** WHAT IS EXPECTED **
Ignoring the pictures, copy the data exactly.

** GIVEN DATA **
------------------------------

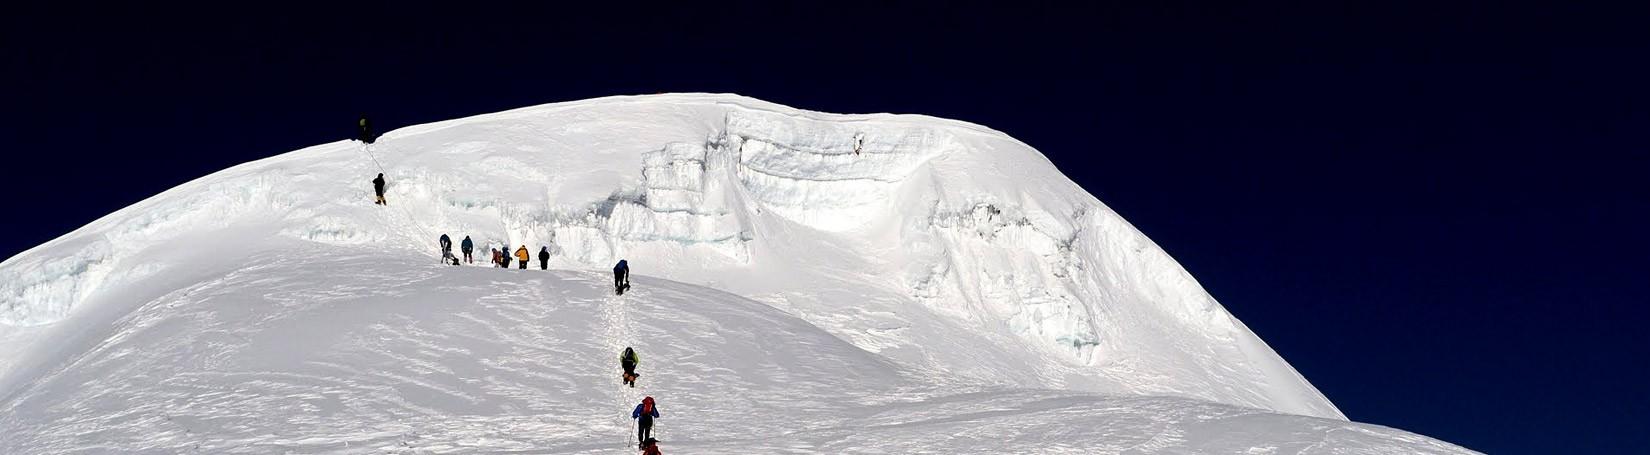 Meera Peak Summit
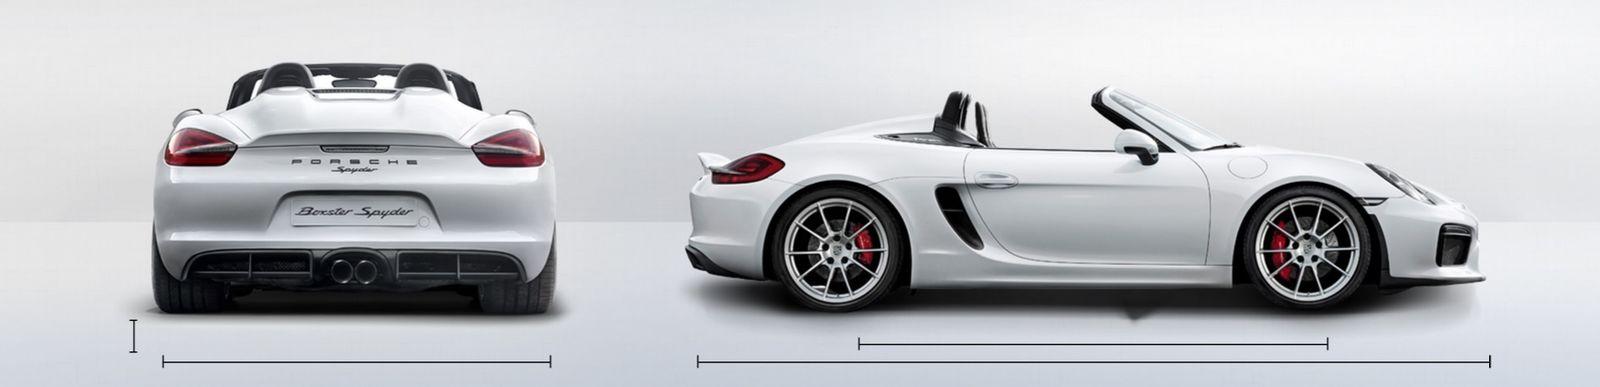 Porsche boxster length
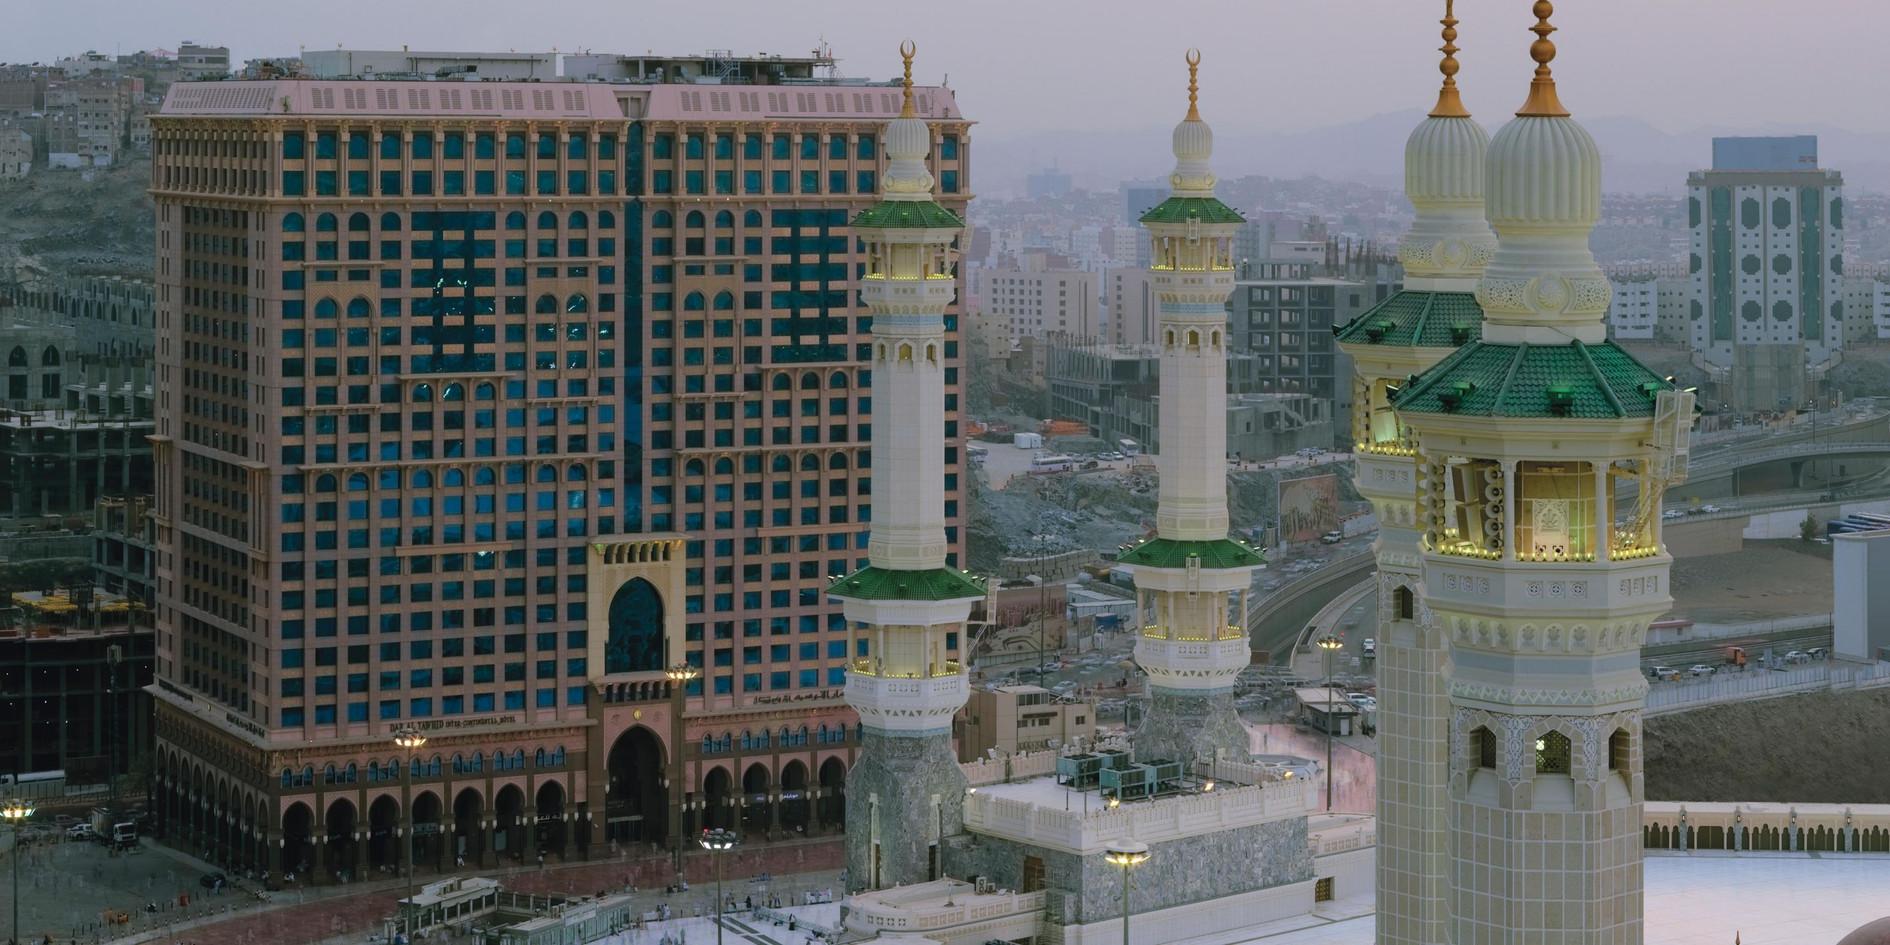 intercontinental-makkah-4178759596-2x1.j

------------------------------

** REPLY TO THE TASK **
 Meera Peak Summit
 Porsche boxster length
 intercontinental-makkah-4178759596-2x1.j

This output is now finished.